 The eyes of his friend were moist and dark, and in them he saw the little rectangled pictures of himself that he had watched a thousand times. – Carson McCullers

============

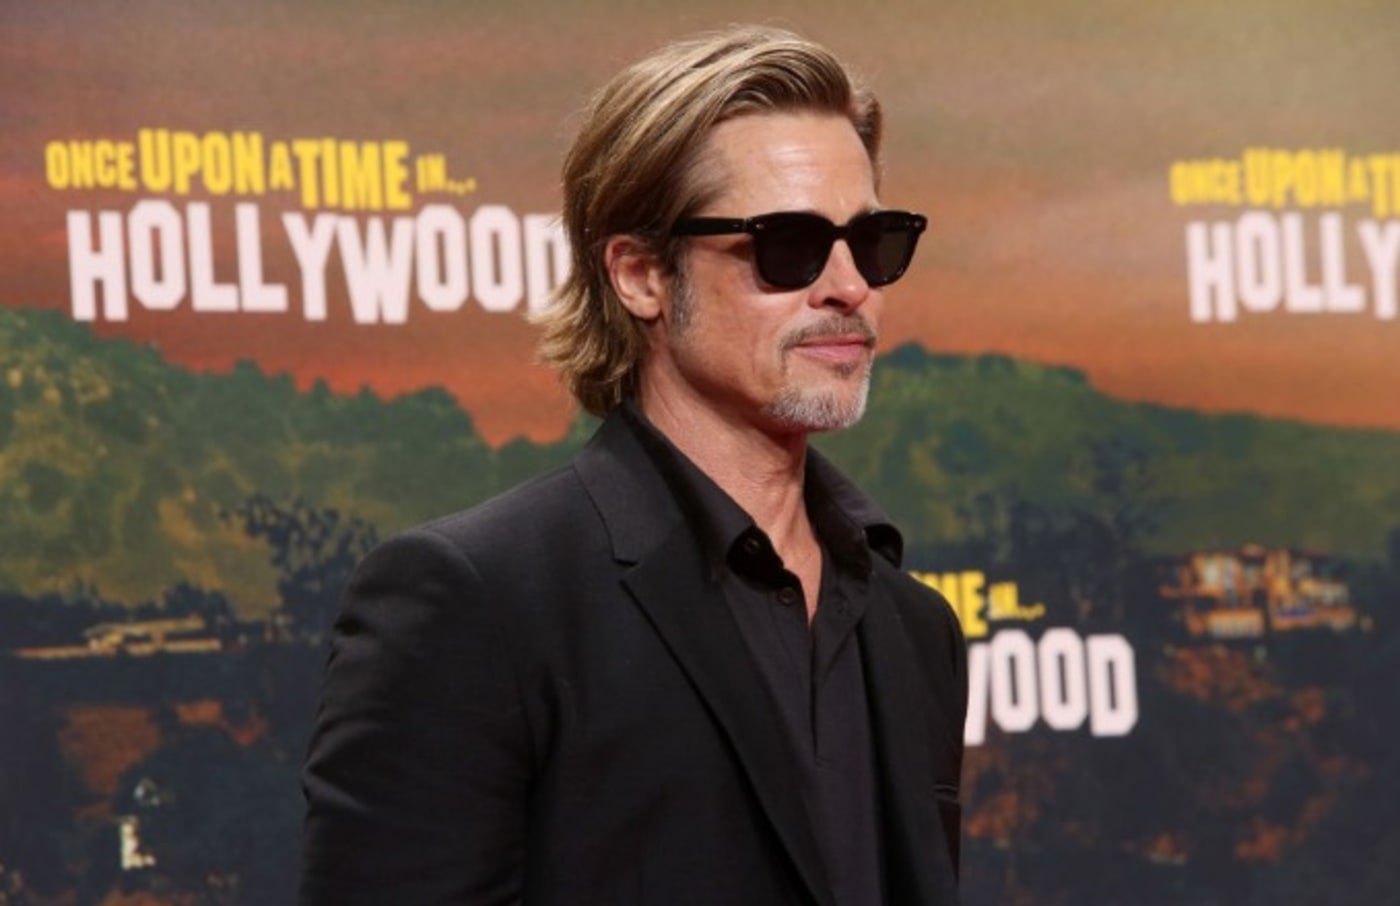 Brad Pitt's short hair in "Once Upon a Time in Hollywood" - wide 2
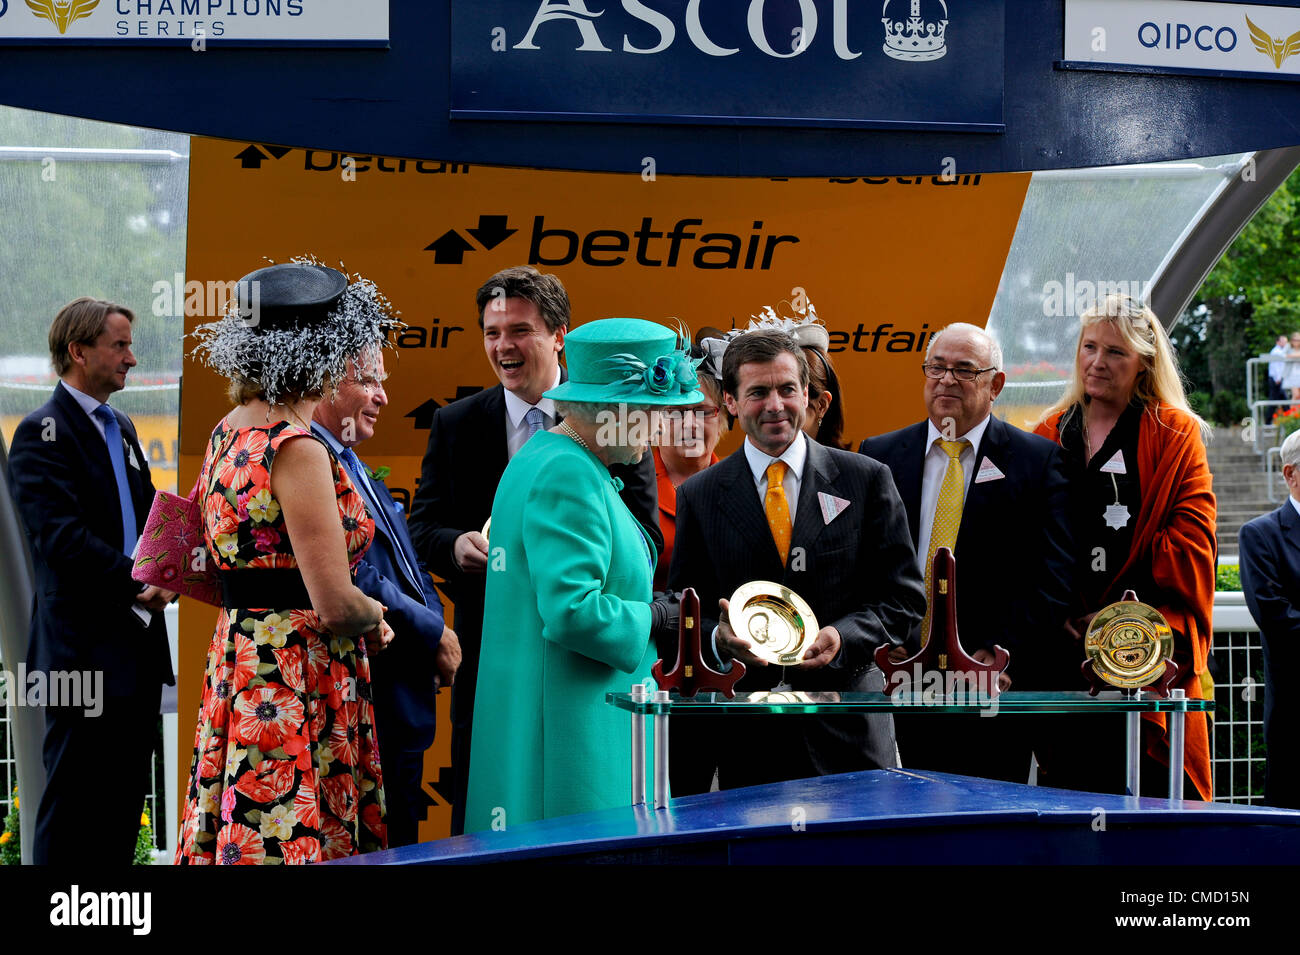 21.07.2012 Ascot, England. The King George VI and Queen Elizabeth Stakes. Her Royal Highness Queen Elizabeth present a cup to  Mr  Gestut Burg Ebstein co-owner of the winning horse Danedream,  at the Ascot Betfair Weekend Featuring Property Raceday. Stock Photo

============

▶ Exercise
Where a picture appears in the records above, omit it, and transcribe exactly the stretch of lines from the one with "Brad Pitt's short" through the one with "21.07.2012 Ascot, England.".

▶ Solution
 Brad Pitt's short hair in "Once Upon a Time in Hollywood" - wide 2
 21.07.2012 Ascot, England. The King George VI and Queen Elizabeth Stakes. Her Royal Highness Queen Elizabeth present a cup to  Mr  Gestut Burg Ebstein co-owner of the winning horse Danedream,  at the Ascot Betfair Weekend Featuring Property Raceday. Stock Photo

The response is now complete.